When scraping, many things can go wrong (and, per Murphy’s law, they will). The possible failures fall into two broad categories:
In this case, Skyscraper will gracefully propagate the exception to the scraping entry-point (i.e., it will be caught by the worker thread, all worker threads will terminate, and the exception will be re-thrown by the main thread after it has cleaned up).
The behaviour here is customizable. The default logic is:
- if it’s an HTTP error other than a 50x, or a connection error, propagate the exception as above;
- if it’s an HTTP 50x error, retry up to
:retries
times (default 5), and after that propagate the exception.
You can override this by supplying a :download-error-handler
option to the toplevel scraping function.

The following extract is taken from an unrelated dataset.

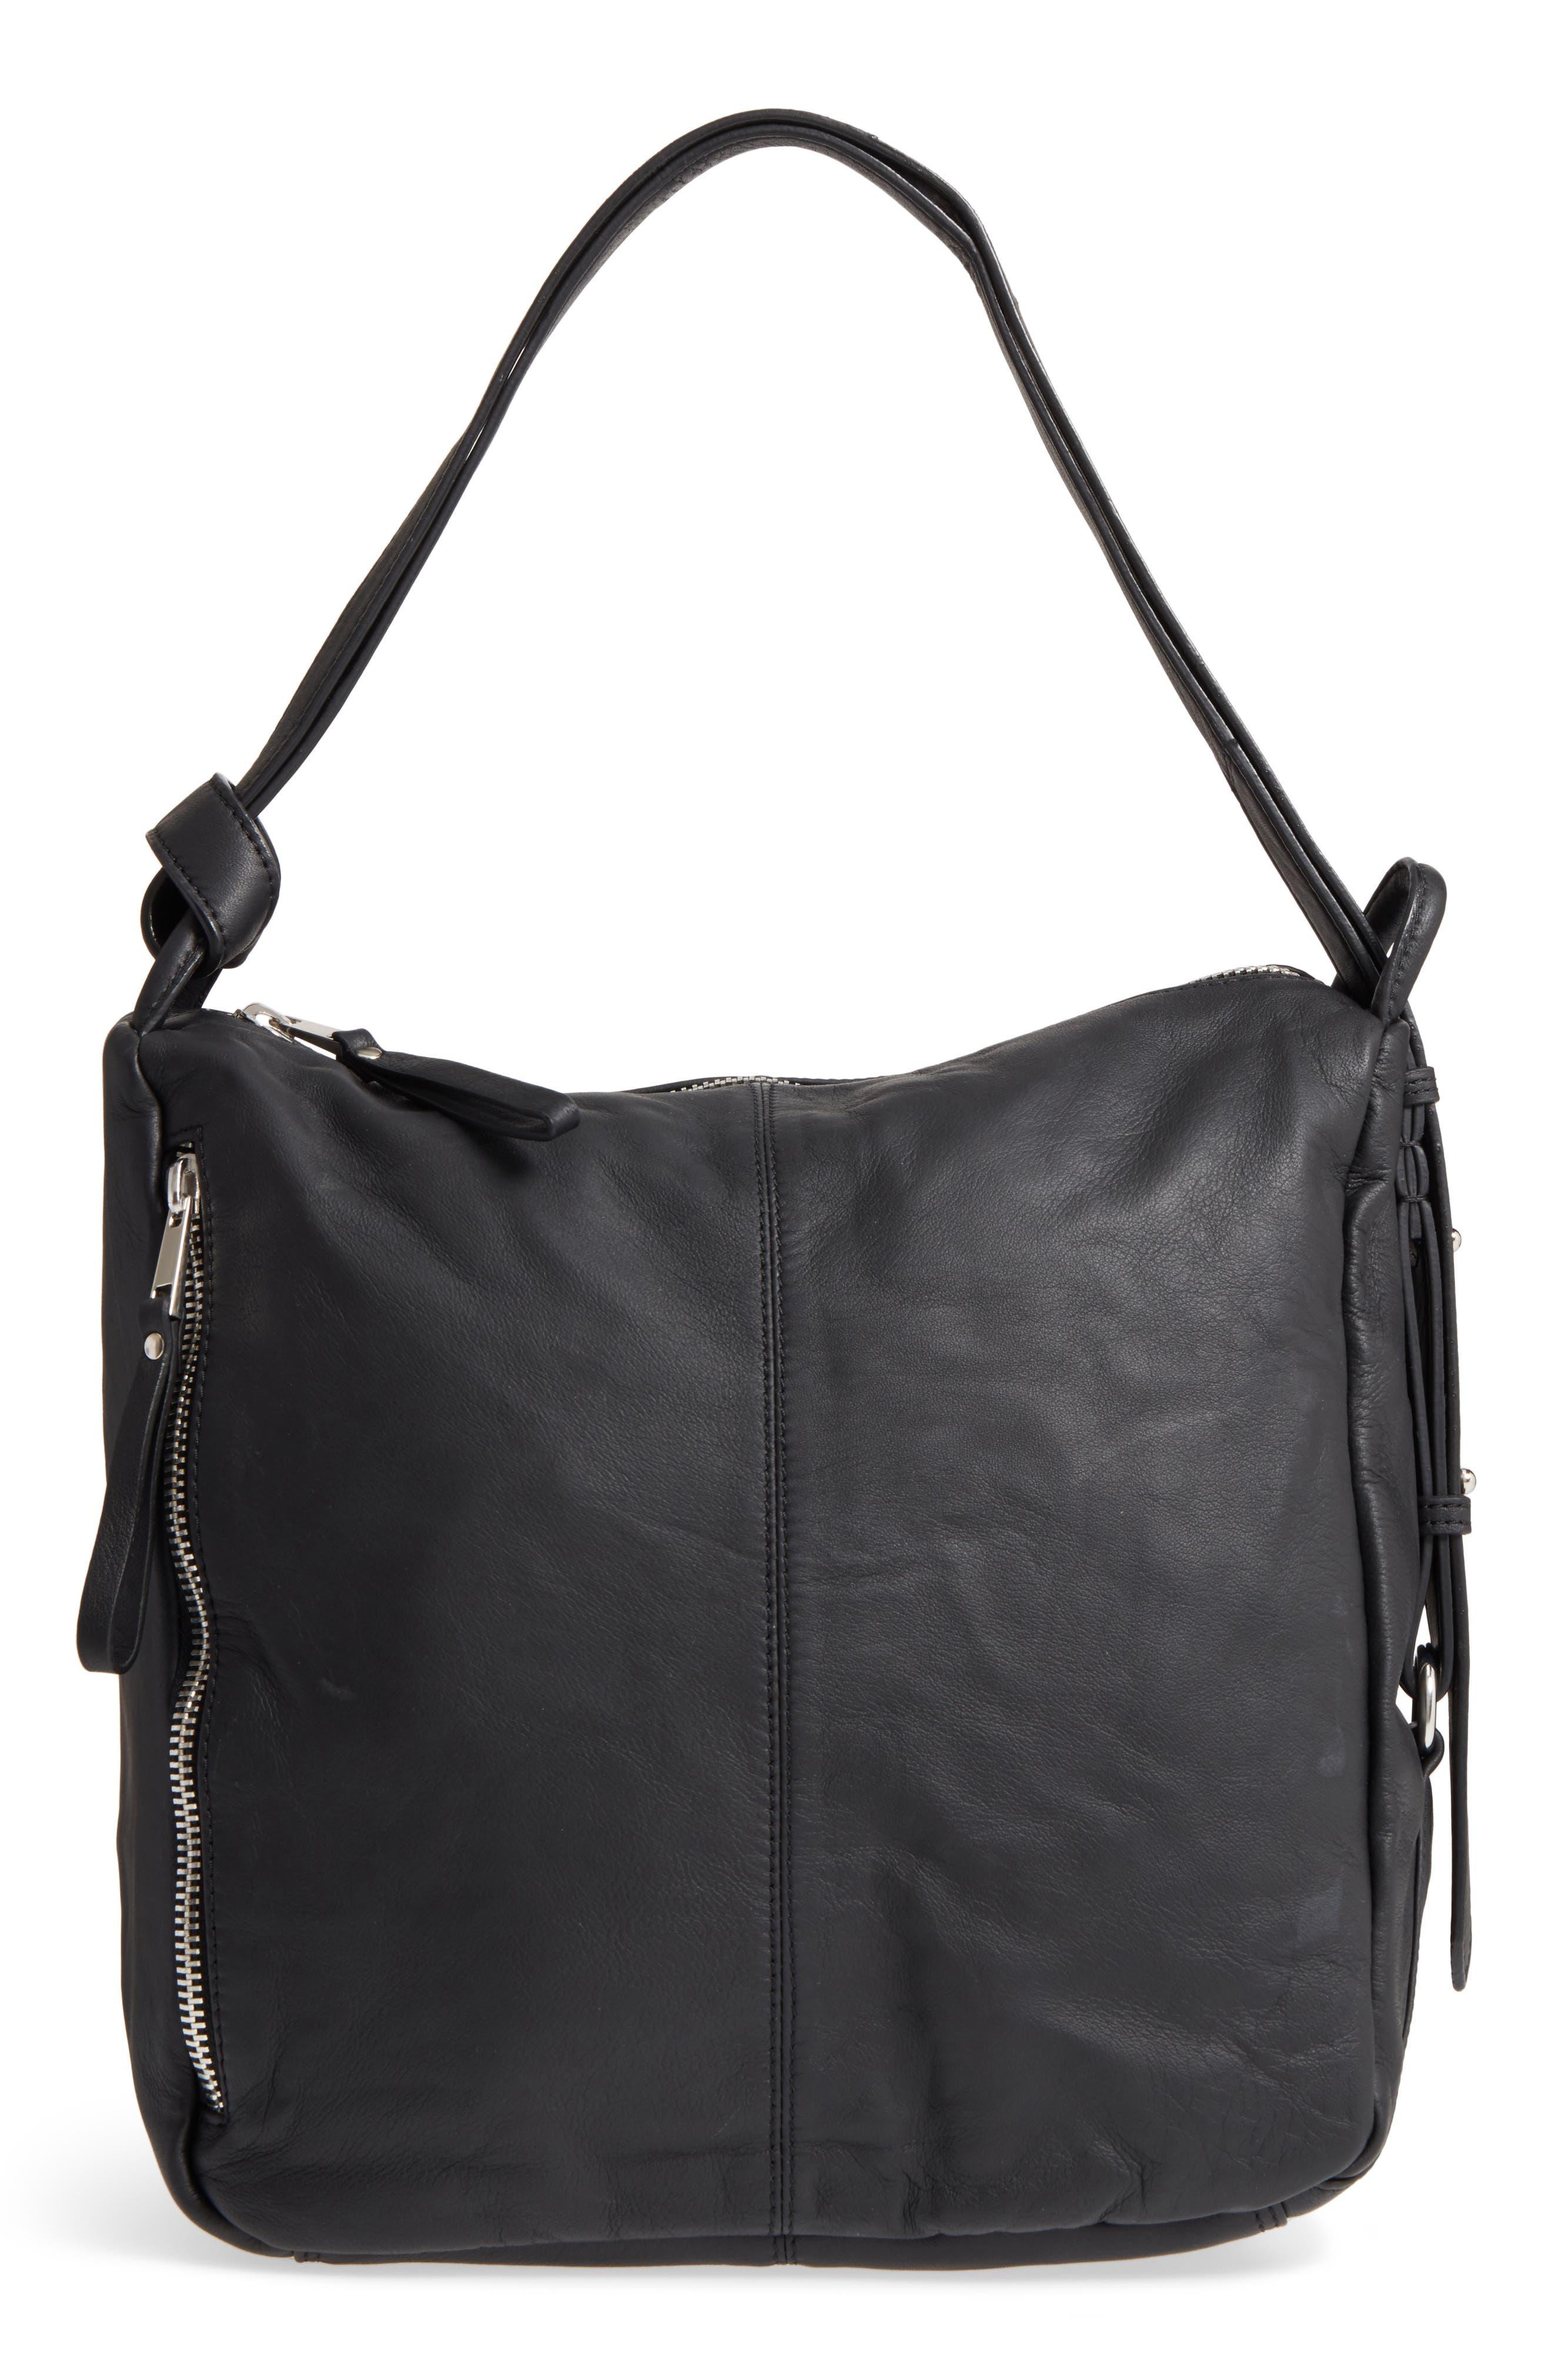 Alternate Image 1 Selected - Topshop Premium Leather Sling Shoulder Bag

If supplied, it should be a function taking three arguments:
- the exception as thrown by clj-http;
- the scraping option map as passed to the toplevel function;
- the context containing the
:url
on which scraping failed.
The error handler should return a vector of contexts that will be used as download results. Note that these contexts will not normally be processed further – they will be returned as leaves of the scraping tree. To ignore the error, return an empty seq. To terminate scraping with an error, call signal-error
. To simulate returning a successful clj-http response and continue as if the download had succeeded, call respond-with
.
See skyscraper.core/default-download-error-handler
for an example of how to implement such a function.